Sunday, December 23, 2012

Orchadmin


DataStage stores data in persistent internal (specific to DataStage) format in the form of Data sets. Orchestrate Data set aid in the parallel processing of data and are much faster performance wise. They help in achieving end-to-end parallelism by writing data in partitioned  form and maintaining the sort order.
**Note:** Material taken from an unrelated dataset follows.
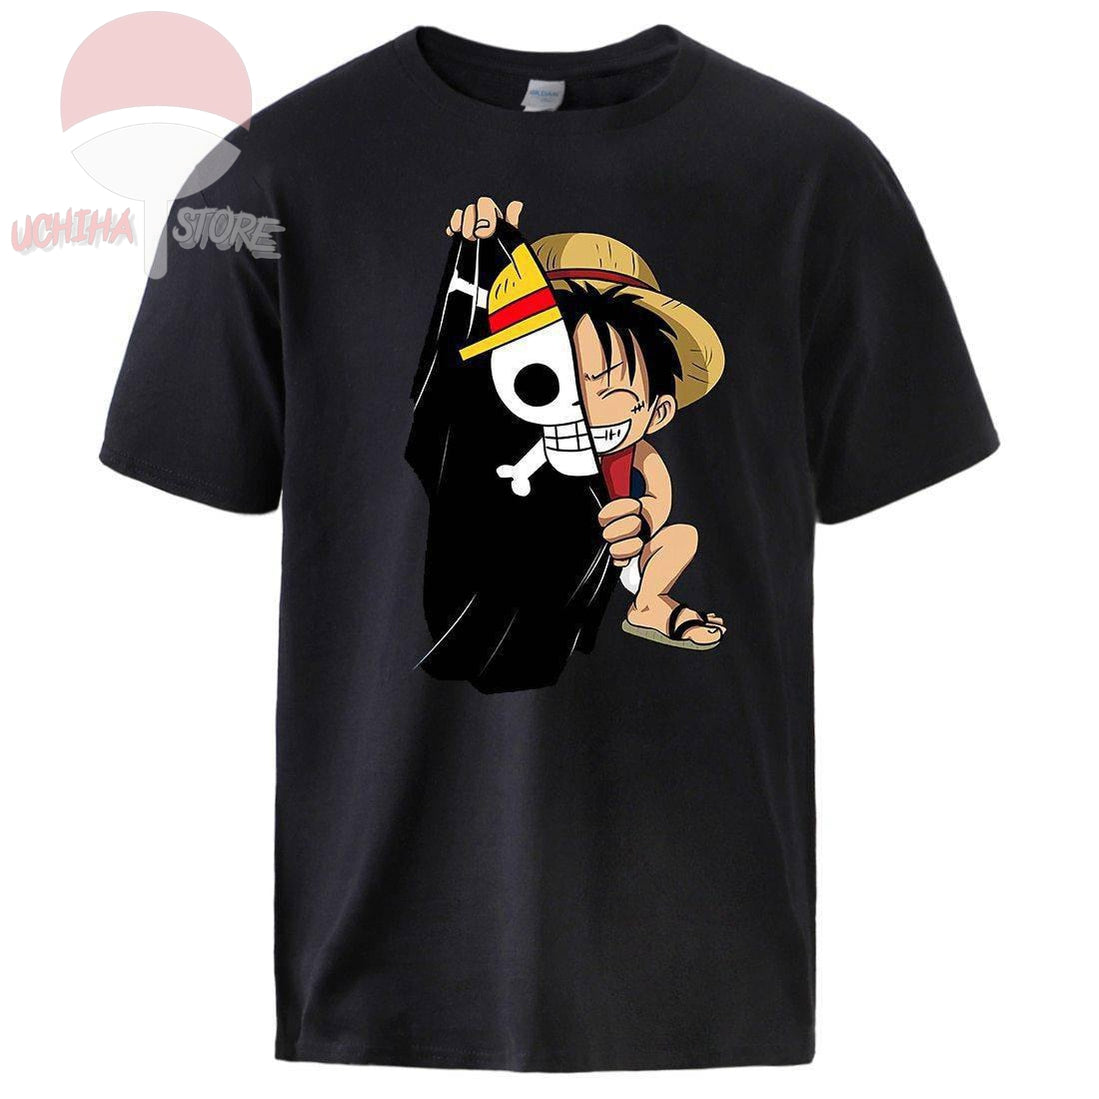 One Piece Luffy T-shirt - Uchiha Store

Orchestrate Data set consists of one or more data  files stored on multiple processing nodes. A parallel data set is represented on disk by: 

• A  single descriptor  file  - defines  the  record  schema of  the data  set and  the  location  of  all  data  files  in  the  set.  It  does  not  contain  the actual data. 

• Data  files  (which  contain  the  actual  data)  located  on  one  or more processing nodes.

Orchadmin Utility 

This  is an Orchestrate Administrator Utility.  It  can perform  operations on Data sets which cannot be performed by normal UNIX file commands. The basic syntax is: 

orchadmin [command] [options] [descriptor_files] 

Commands 
The  various  commands  that  are  available  with  orchadmin  are  dump, delete, truncate, copy and describe. 

Dump Command 

This  command  can  be  used  to write  records  from  a  given  data  set  onto standard output or can be redirected to a sequential file. The syntax is: 

Syntax-orchadmin dump [options] descriptor_file 

If  no  option  is  specified,  all  the  records will  be  returned  to  the  standard output.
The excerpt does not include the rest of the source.